Torresani sfida un brutto ricordo
PAVIA. E' l'unica macchia della sua carriera. Teramo-Pavia sarà un match speciale per Marco Torresani, il tecnico che da otto anni guida gli azzurri, perché nella stagione 1990-'91 fu esonerato dal club abruzzese, allora in C2. «Ero la mia prima avventura da allenatore nei professionisti - ricorda Torresani - . La società non mi tutelò, ma non ho rivincite da prendermi, perché so di aver commesso errori di valutazione. Quell'esperienza però mi ha insegnato molto».
Appena sei mesi. Fa un certo effetto pensare che il rapporto tra Marco Torresani e una società possa essere durato cosi poco. Era l'estate 1990 quando il trainer cremonese si sedette sulla panchina del Teramo. «Torno per la prima volta da avversario - spiega Torresani - Di certo proverò un'emozione particolare, anche perché è l'unico club ad avermi esonerato. Anche a Montichiari in D ero stato mandato via, ma i dirigenti mi hanno richiamato dopo tre mesi e quindi non lo considero un grande smacco. A Teramo invece mi hanno cacciato a gennaio, dopo cinque sconfitte consecutive». Non furono solo i ko ad essergli fatali, contribuirono molto le aspettative. «Quell'anno eravamo partiti per salvarci, ma a metà dell'andata eravamo a centro classifica. A quel punto cercammo di fare il salto di qualità, senza renderci conto che la squadra stava già dando il massimo. I giocatori hanno accusato il peso delle eccessive aspettative ed il primo a pagare sono stato io. Dopo di me si sono avvicendati altri tre allenatori ma la stagione ormai era compromessa e a fine anno arrivò la retrocessione».

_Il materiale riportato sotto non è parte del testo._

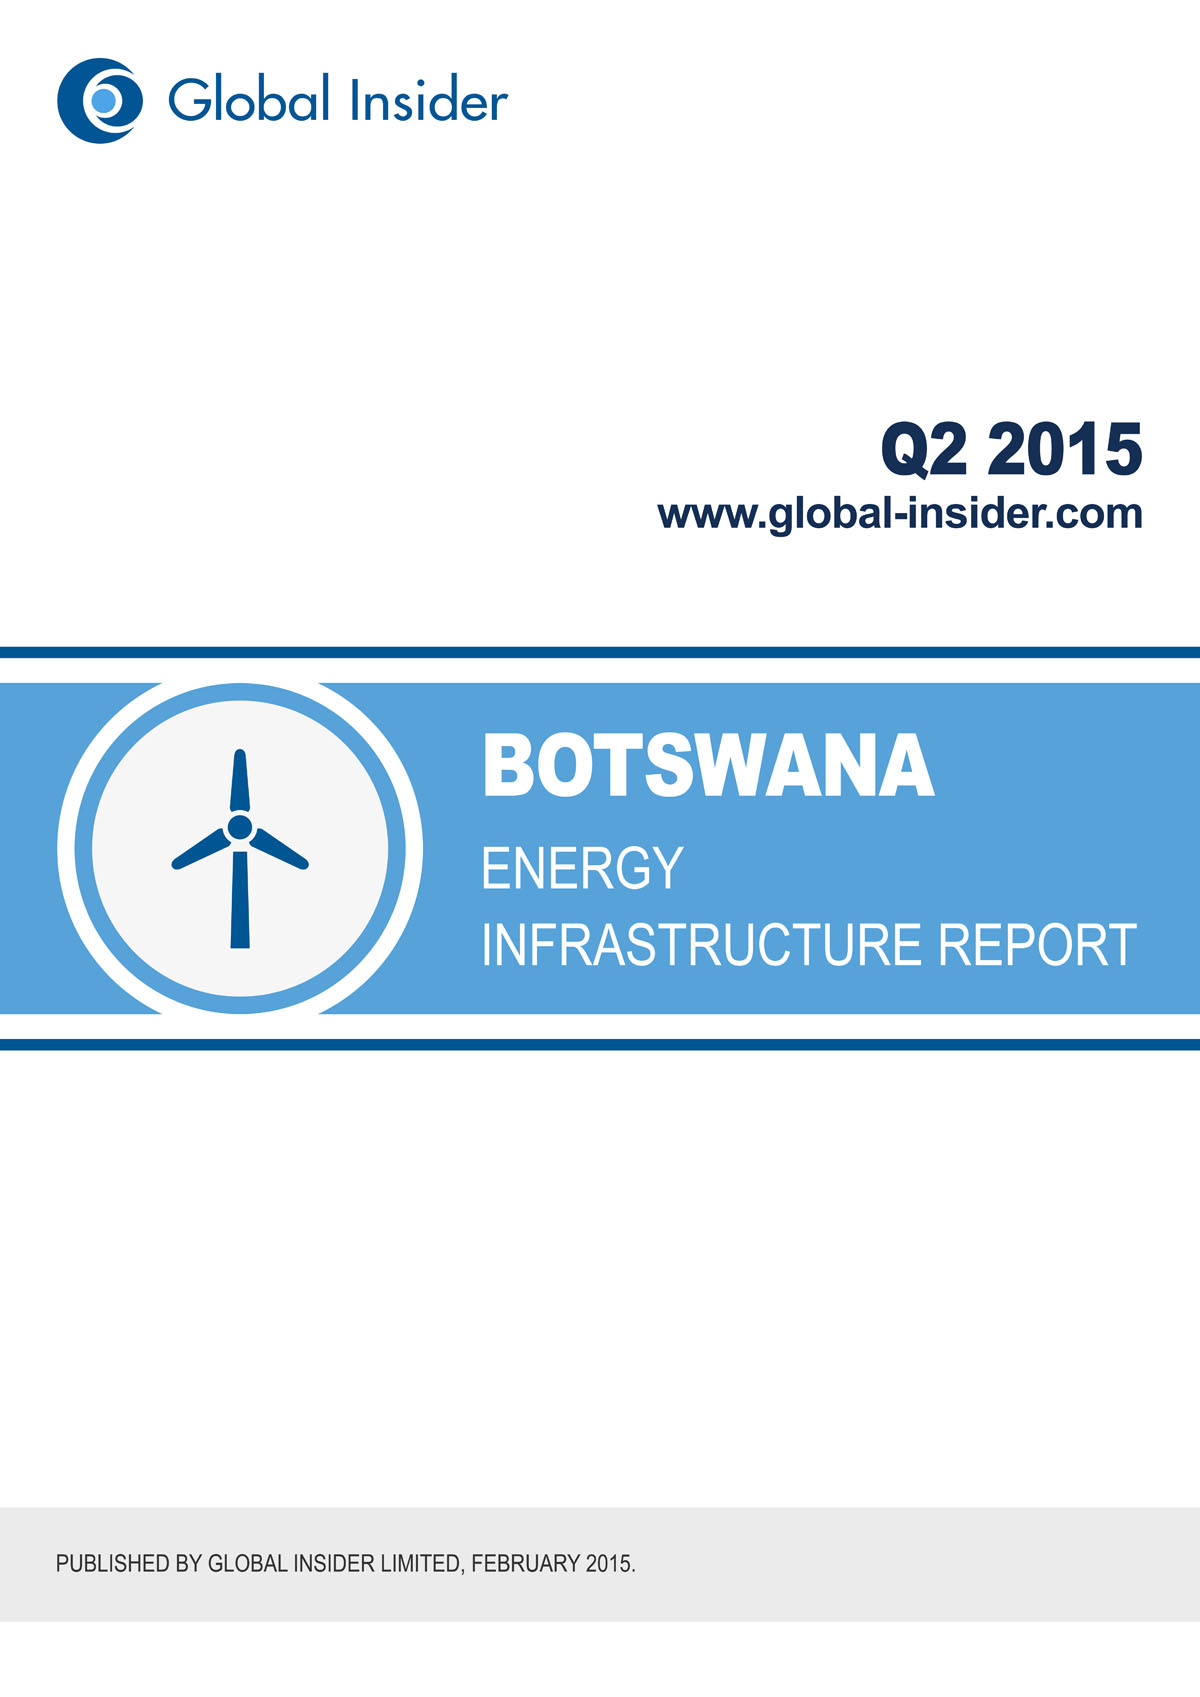 Botswana Energy Infrastructure Report

Torresani parla dell'esperienza di Teramo con amarezza ma senza rancore. «Essere esonerati non fa piacere, ma in quel caso ho avuto delle responsabilità e quindi comprendo la scelta della società. Ero reduce dalla vittoria del campionato a Fiorenzuola, in D, e per me esisteva solo la lotta per il vertice. Feci errori di valutazione che poi mi sono costati la panchina perché quando chiedi uno sforzo che non sono in grado di sostenere, li fai sballare».
Lo stesso rischio poteva correrlo lo scorso anno a Pavia. «In teoria si, però qui c'era una situazione diversa. Sapevamo che il nostro obiettivo era la salvezza e tutto ciò che veniva in più era ben accetto. Non abbiamo mai considerato la B un traguardo da centrare ad ogni costo. Tant'è vero che a fine anno, pur svanendo la promozione, la soddisfazione ha prevalso sulla delusione per aver fallito in extremis il salto di categoria». A Pavia peraltro Torresani è stato riconfermato anche dopo aver fallito un obiettivo, rimanendo sulla panchina azzurra dopo la retrocessione di due stagioni fa. «Uno dei grandi pregi di questa società è quello di tutelare l'allenatore, cosa che a Teramo non fecero - continua Torresani - Però mi viene da pensare che la regola è cacciare il tecnico quando le cose vanno male, è questa piazza che rappresenta l'eccezione». Torresani non cercare vendette. «Ci terrei a vincere su un campo molto caldo, ma senza spirito di rivalsa».